■ WHAT YOU SHOULD DO
What you return should be only the lines in the entries below between the one holding "Satellite image of Manoa REDD+ over time" and the one holding "Montebuena 'Cuvee KPF' - Rioja", ends included, with every picture left out.

■ RECORDS

>>>>

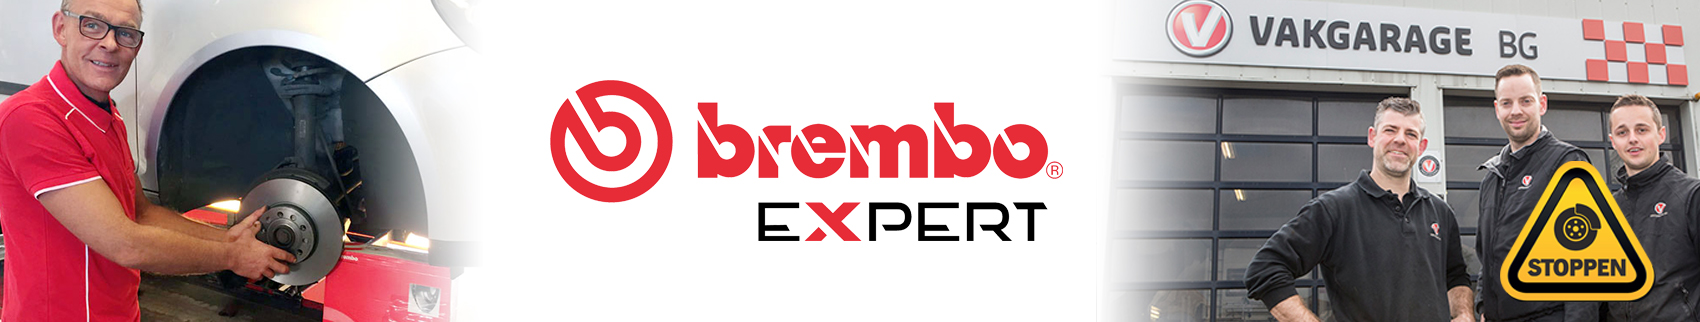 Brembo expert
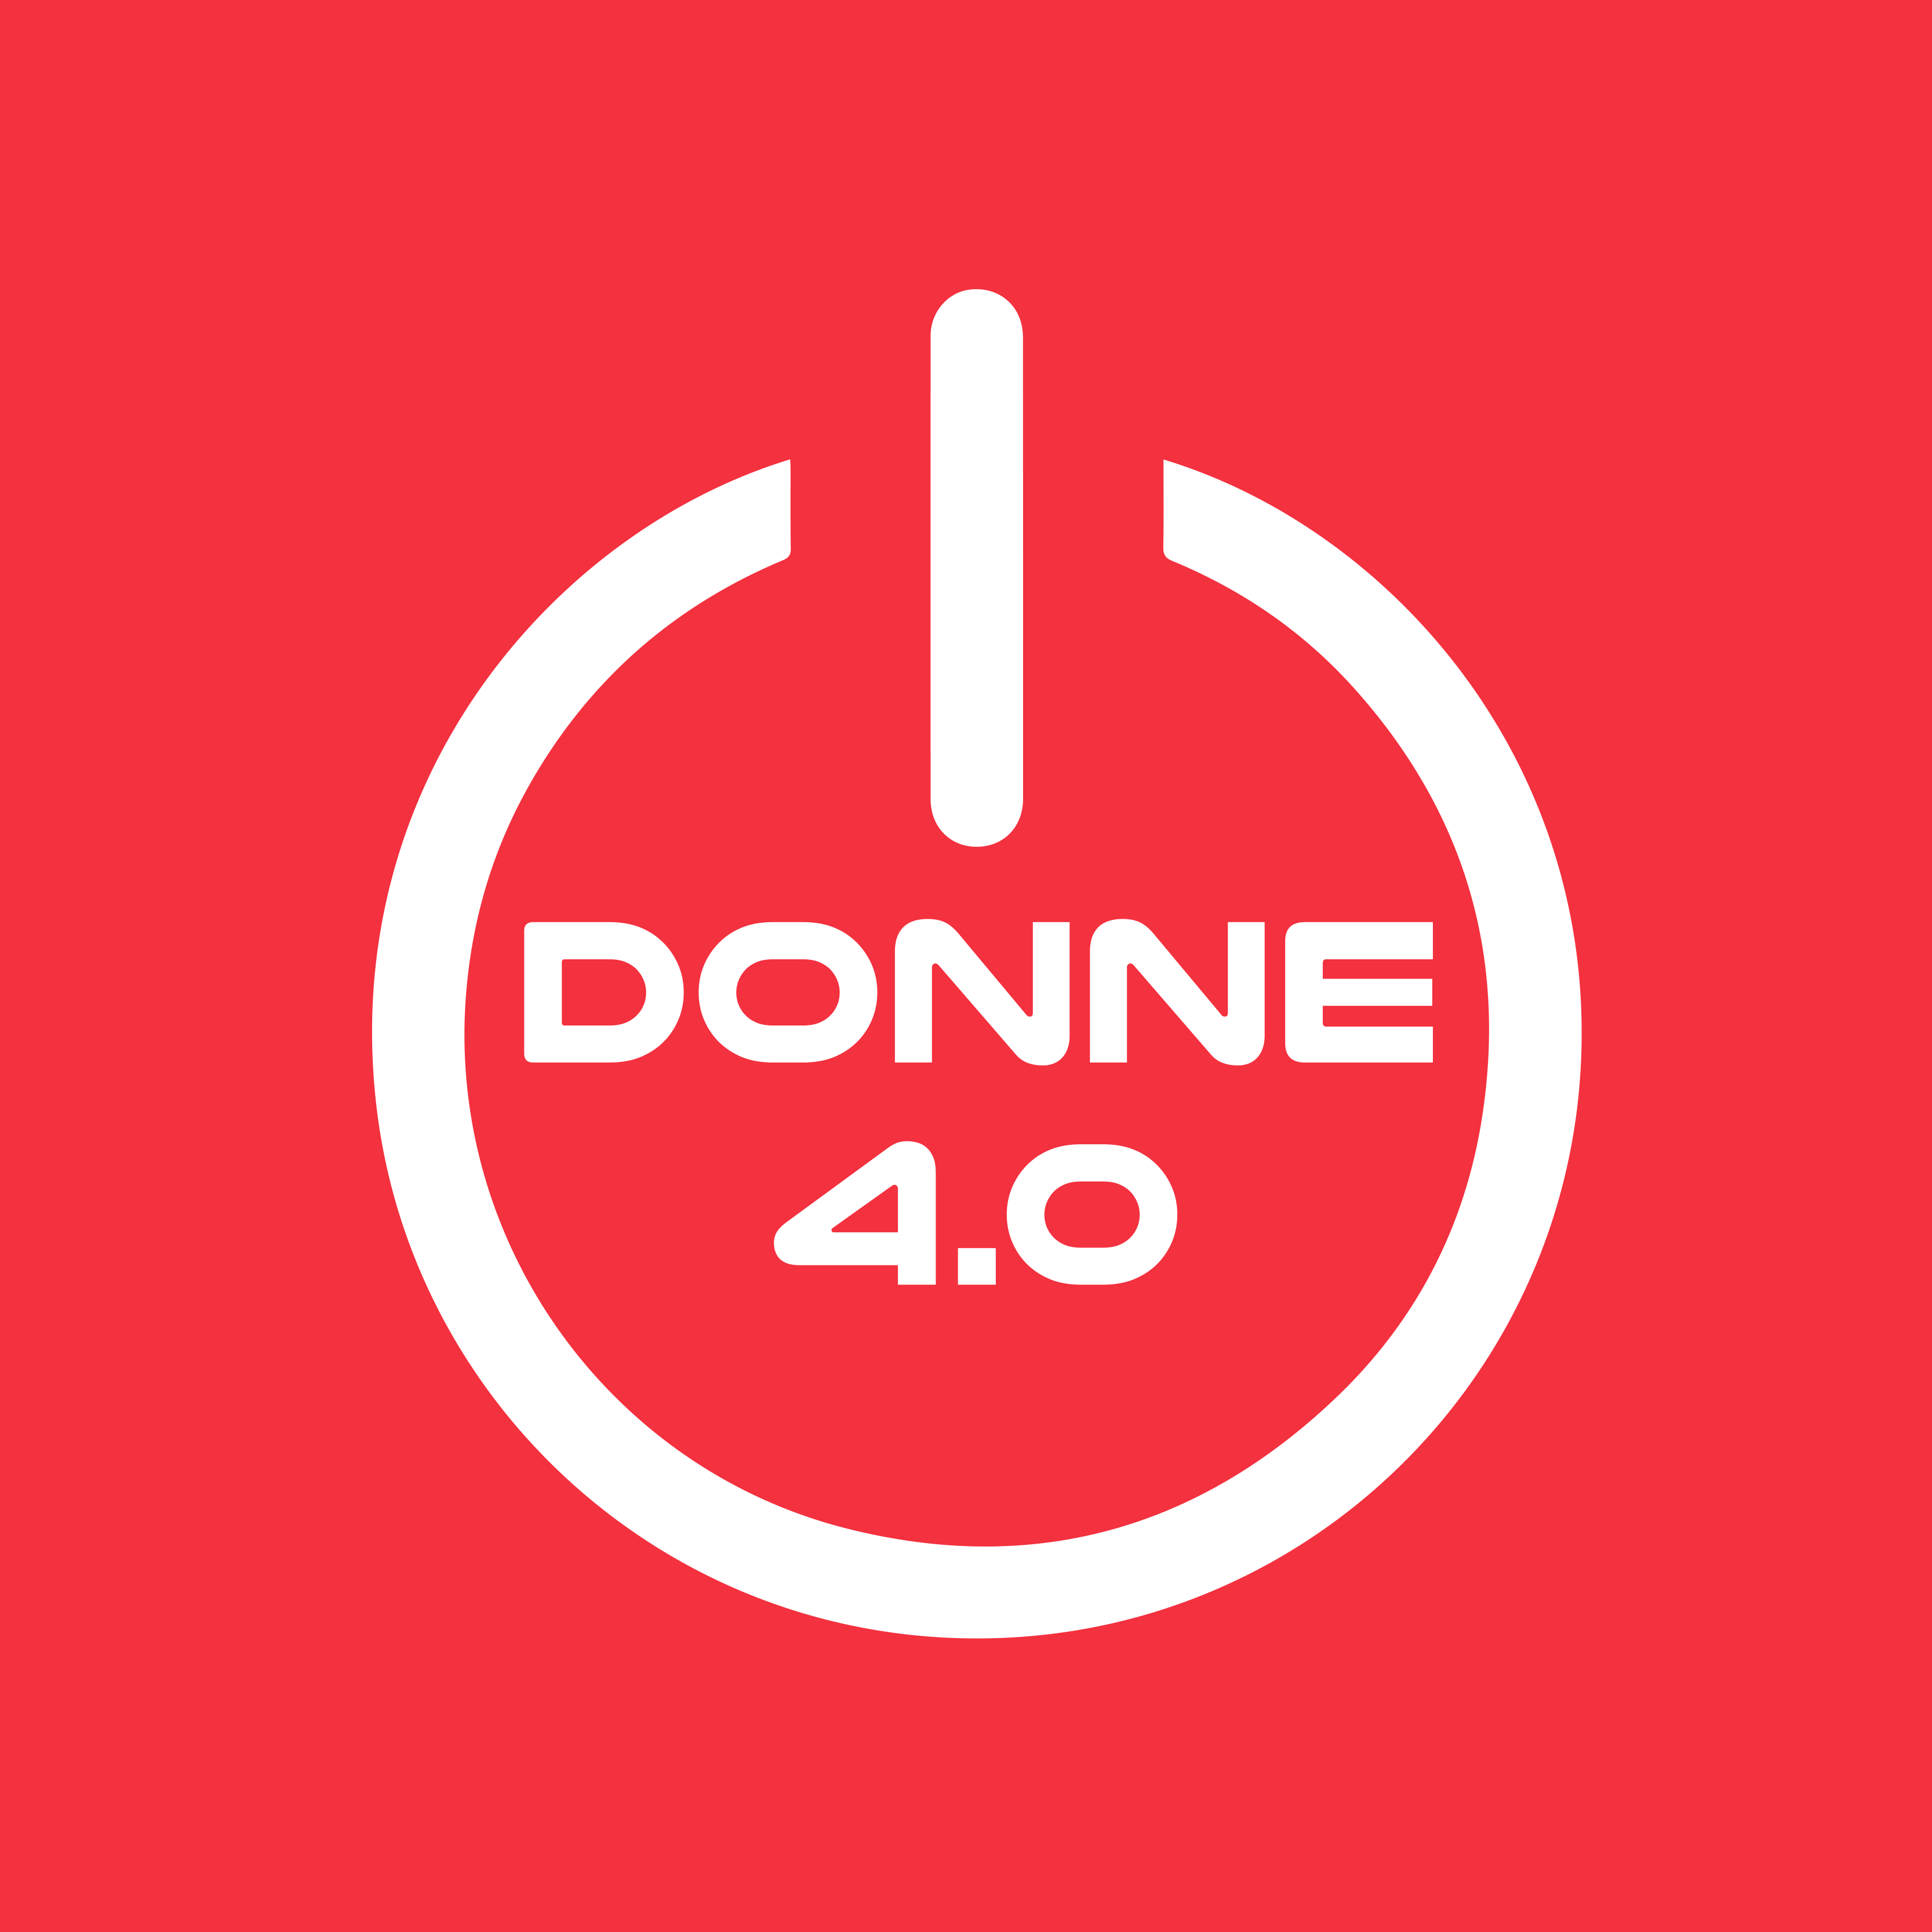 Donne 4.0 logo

<<<<
>>>>

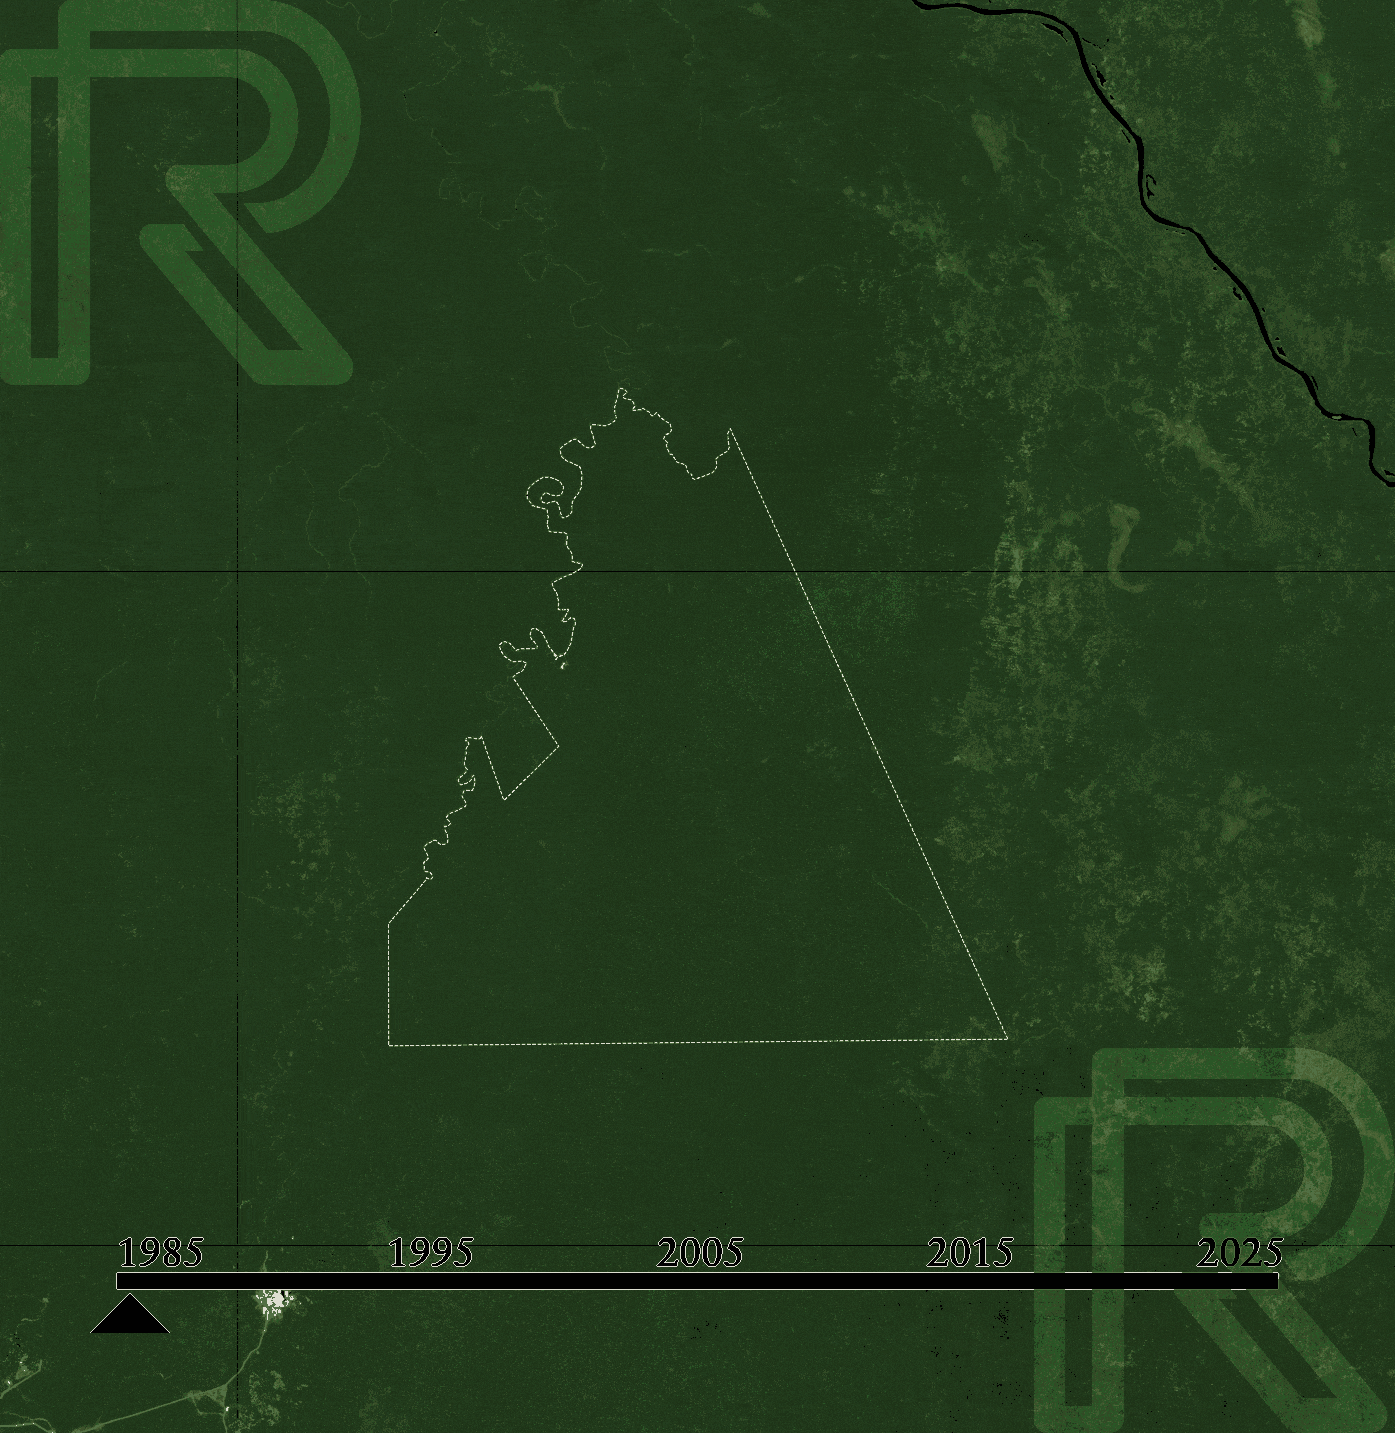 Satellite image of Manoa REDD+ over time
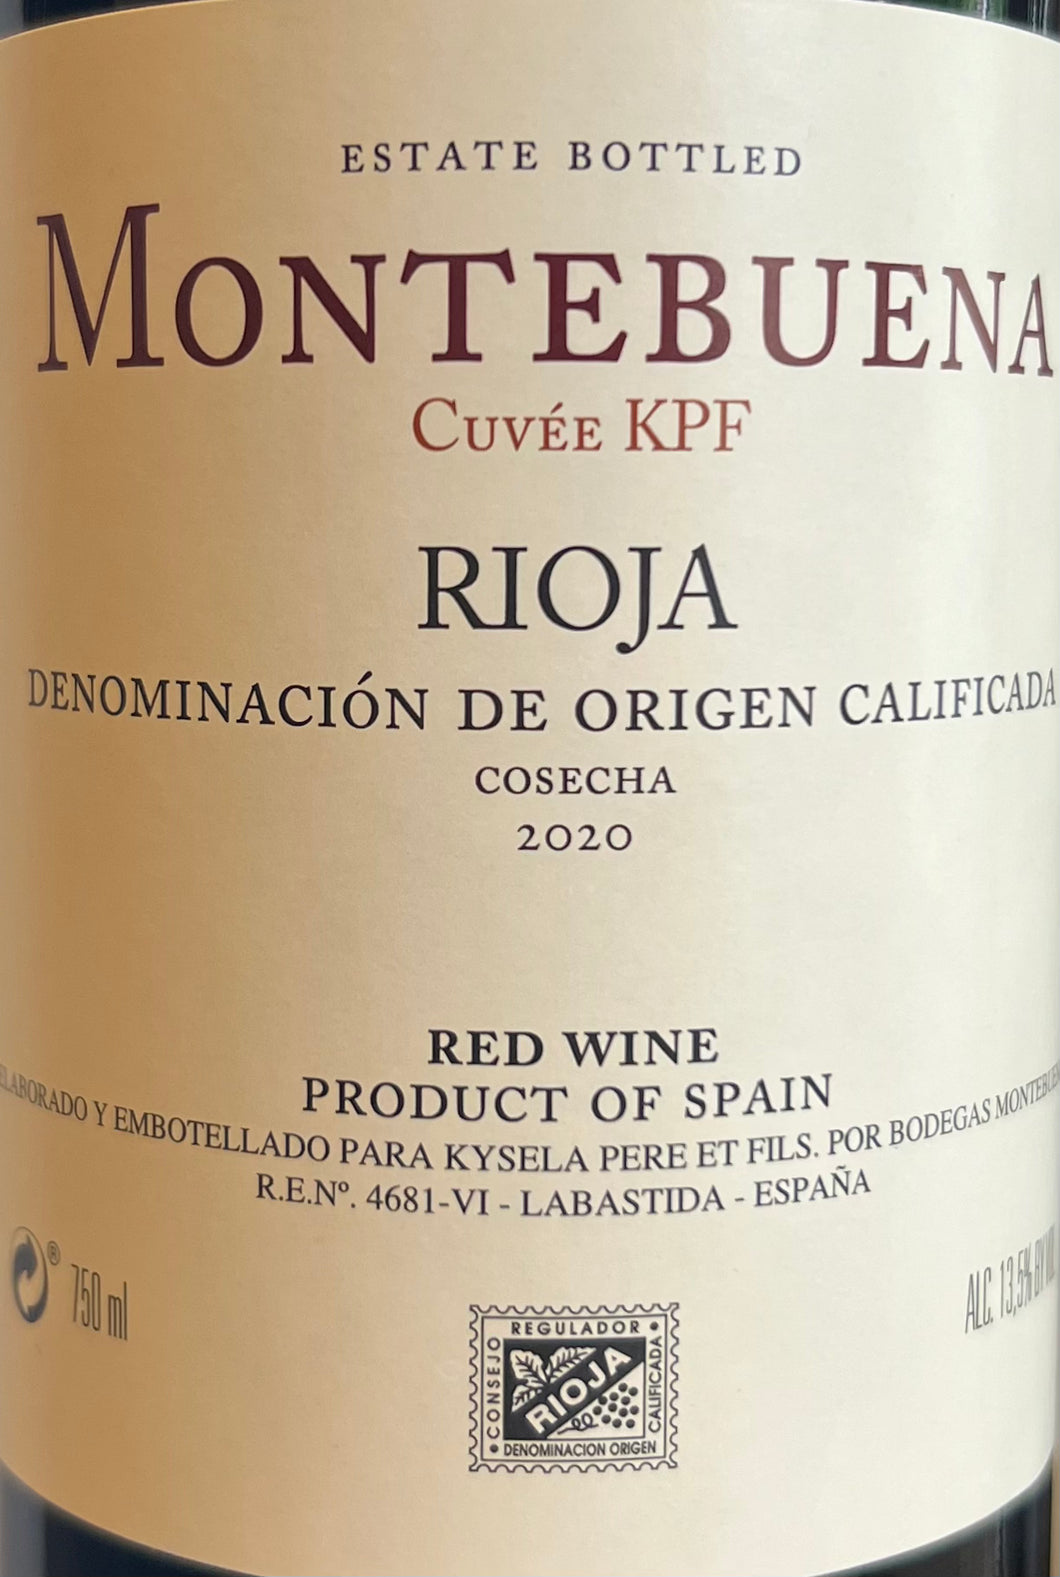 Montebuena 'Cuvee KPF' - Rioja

<<<<

■ EXERCISE RESULT
 Satellite image of Manoa REDD+ over time
 Montebuena 'Cuvee KPF' - Rioja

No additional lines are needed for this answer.